通信越しに聞こえるブリュンヒルデの声は、いつも以上の重苦しさを帯びていたが、決して取り乱してはいなかった。

「団長。これより私たち戦乙女は、ローゼリア救出のための強襲作戦へと移行します。……ですが、今の状態では駄目です」

リアンヌは、自らのブラン・ゼファーをはじめ、各機のモニターステータスを確認する。

先ほどの幾何学兵器群との激戦により、各機体は推進剤プロペラントを激しく消耗し、弾薬も底を尽きかけていた。古代フレームに蓄積された熱量も限界に近い。

この状態で未知の高次元領域へ突入すれば、ローゼリアを助けるどころか、自分たちが足手まといになるのは火を見るより明らかであった。
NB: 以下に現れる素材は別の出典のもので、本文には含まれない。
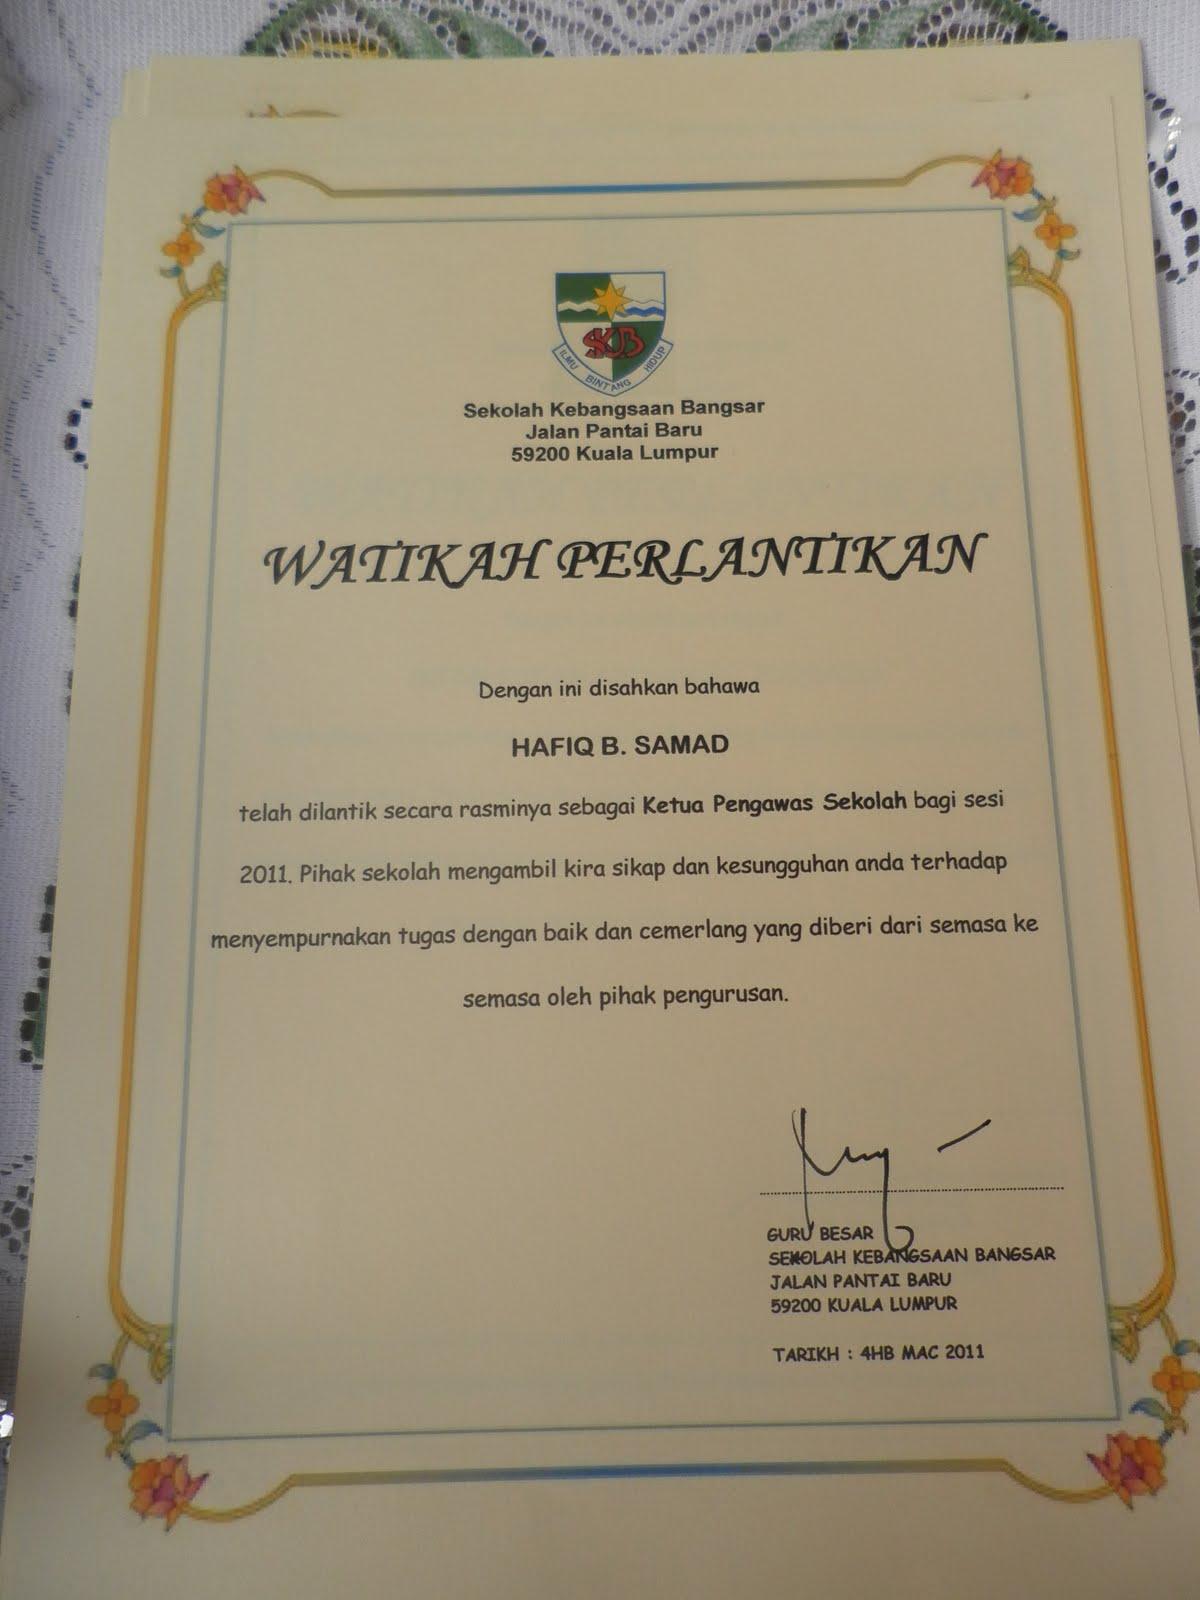 Sekolah Kebangsaan Bangsar Majlis Watikah Pelantikan Pengawas

「戦乙女全機に命じます。これより我々は、一度母艦エインヘリアルへと帰還します」

『帰還ですって!? 今この瞬間にも、お姉様が危険に晒されているかもしれないのに!』

エリーゼが反発する。

「焦っては駄目です、エリーゼ! 未知の領域での戦闘は、万全の状態でも生還が約束されない死地です。弾薬も推進剤も尽きかけた今の私たちでは、ローゼリアの盾になることすらできません!」

リアンヌは、妹分を諭すように、しかし毅然と言い放った。

「一度母艦に戻り、弾薬のフル装填と機体の急速冷却パージ、そしてフィーネさんによる限界突破設定の再調整を行います。……ローゼリアを確実に助け出すために、最も早く、最も確実に彼女の元へ辿り着くための『準備』をするのです!」

リアンヌの理にかなった言葉に、ウルスラやエリーゼたちも無念そうに唇を噛みながら、深く頷いた。

「団長、よろしいですね?」

『ああ。フェイト陛下には私から伝えておく。帝国軍の全艦隊を以て、エインヘリアル周辺の絶対防衛線を構築させよう。……リアンヌ、お前たちはただ、ローゼリアを取り戻すことだけを考えろ』

「はい……!」

通信を切り、リアンヌは再び宇宙空間を見つめた。

亀裂の消えた虚空には、何の痕跡も残されていない。だが、サブ・バハムートAIの演算モニターには、少しずつ、確実に、別次元へと繋がる微小な座標データが構築され始めていた。

「待っていてください、ローゼリア。……あなたが私に背中を預けてくれたように、今度は私が、あなたの前を切り開く剣となります」

純白の騎士は、胸に手を当てて深く誓いを立てる。

「——戦乙女ヴァルキュリア全機帰還リターン! これより、我が主を奪還するための反撃準備に移行します!」

リアンヌの号令と共に、七つの極彩色の翼が方向を転換し、母艦エインヘリアルへと向かって一斉に加速を開始した。

悲しみや絶望に溺れる暇はない。彼女たちの瞳には、銀河最強の死神を取り戻すという、ただ一つの強烈な使命だけが燃え盛っていた。